OLTP vs OLAP: The Core of Data Miscommunication
Why Data Producers and Consumers Don't Get Along
👋 Hi folks, thanks for reading my newsletter! My name is Chad Sanderson, and I write about data, data products, data modeling, and the future of data engineering and data architecture. In today’s article, I’m inviting Mark Freeman to share his experience in managing the relationship between data producers and consumers. Please consider subscribing if you haven’t already, reach out on LinkedIn if you ever want to connect, and join our Slack community Data Quality Camp for practitioner-led advice on Data Contracts and Data Quality at scale!
The reason why data producers and consumers struggle to communicate is deeper than the data— it’s tied to how we structure our data infrastructure. In my last role as a data scientist, I was hired at an HR tech company specifically to translate between the engineering and research teams, essentially turning analytics and I/O psychology theory into data products. Despite both teams having the same ultimate goal of building amazing HR data products, I experienced firsthand the breakdown of communication and misunderstanding of needs amongst these two groups through this translation work. Upon talking to others in the data industry I quickly learned that this challenge wasn’t unique to my job, but rather an endemic issue across data teams of various company sizes.

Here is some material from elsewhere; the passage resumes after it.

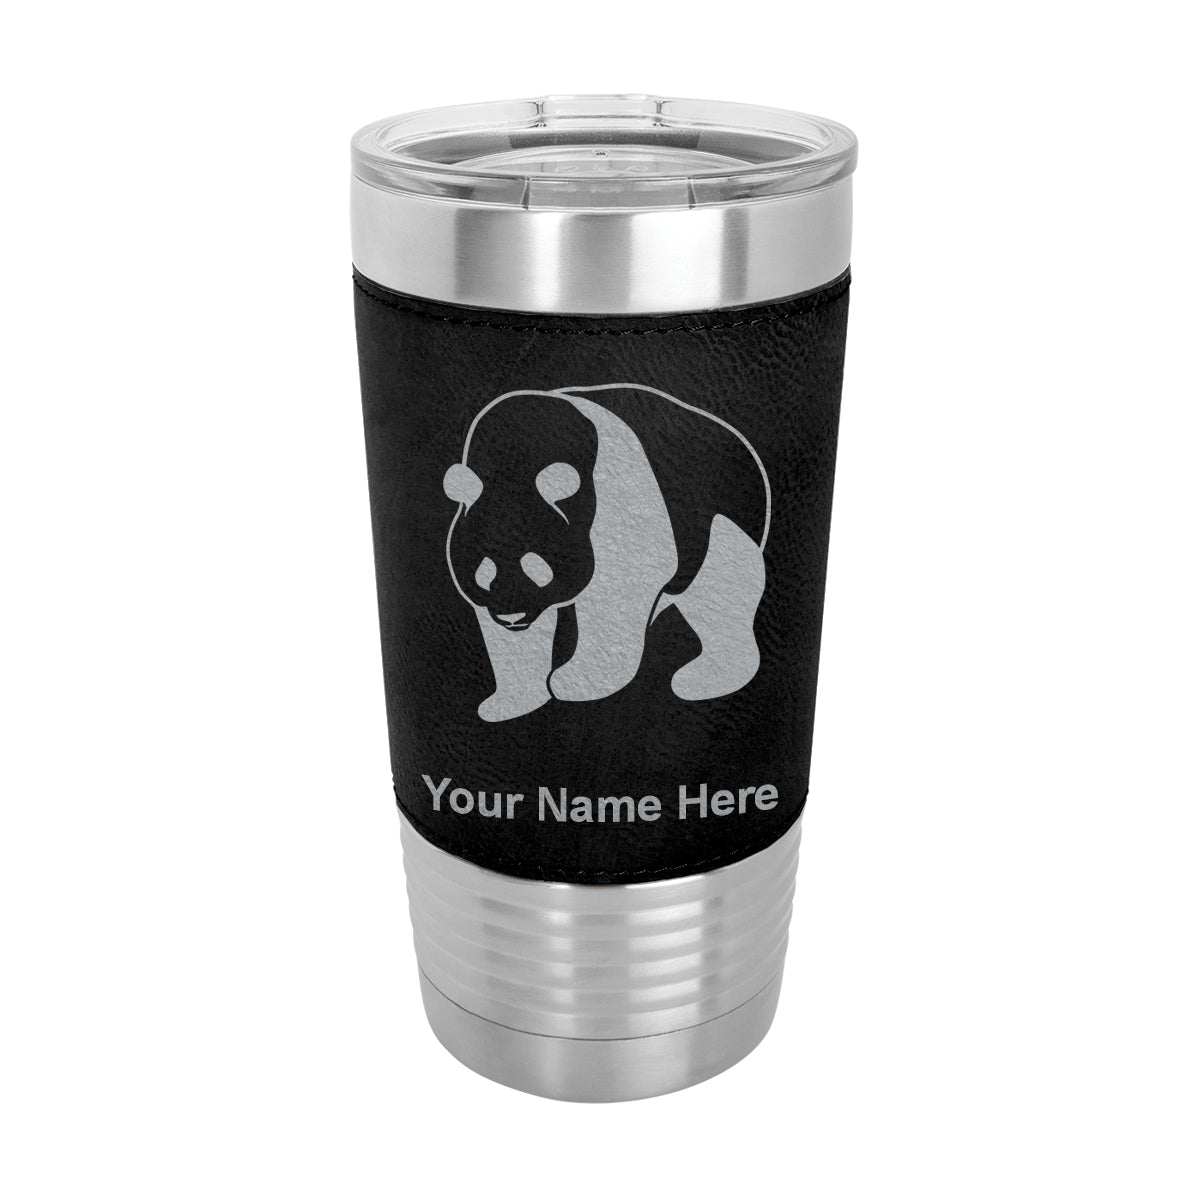 20oz Faux Leather Tumbler Mug, Panda Bear, Personalized Engraving Included - LaserGram Custom Engraved Gifts

As a data scientist within the product team, my world centered around cloud data warehouses such as BigQuery, and I constantly found myself struggling to explain to engineering teams how the way they worked with data was different from the data science team. Through my time putting code into production within the engineering codebase and driving product decisions via analytics in the data warehouse, I came to the following conclusion: The reason why data producers and consumers struggle to understand each others’ needs is due to their interactions with data being drastically different given that they respectively work within OLTP or OLAP data systems.
In this article I expand on this realization by describing the nuances of OLTP and OLAP data systems, how these systems shape the “data worldview” of data producers and consumers, and finally sharing how we can meet each team where they are to build scalable data products. In addition, I present the fictitious situation of Sell Online Corp grappling with the differences in understanding data through an OLTP or OLAP lens to make this distinction tangible. Finally, please note that the data producer and consumer relationship can go well beyond the data warehouse, but this article focuses on this stage in the data lifecycle given how common it is.
OLTP vs OLAP
Surprisingly, many engineers and data professionals are quite knowledgeable of the tooling landscape, such as MongoDB, Postgres, and Snowflake, but fewer are aware of the OLTP and OLAP terminology. In short, OLTP stands for “online transaction processing” and OLAP stands for “online analytical processing.” Below is an excellent table created by
showing the difference between OLTP and OLAP databases (shared with his permission). I highly encourage checking out his article if you want to dive deeper into understanding this difference.OLTP data systems are typically the first and only database a company will have as it’s tied directly to the user actions associated with a product such as navigating an app, going through a workflow, or presenting information for a respective user. As a company grows and data increases, the business will start to ask questions about its own historical data. The OLTP system might be able to answer these questions but analytics workflows are expensive and require substantial transformations to make the data useful. To prevent the risk of taking down the critical role of OLTP systems for the live product, OLAP systems are utilized to replicate the data and utilize it for the expensive analytics processes. Thus, beginning the divide in data worldviews within the business.
To further drive this point, in this article, we will utilize the fake company Sell Online Corp to illustrate how data perspectives differ. In this use case, Sell Online Corp needs to present to their board how their major push for user reviews of products led to increased sales. This is a deceptively simple question that often uncovers the gaps in which different teams understand the semantics of their data.
OLTP Perspective: Need for Speed
There are three major components to consider for the OLTP side of data:
Data within an OLTP relational database should be in third-normalized form (3NF).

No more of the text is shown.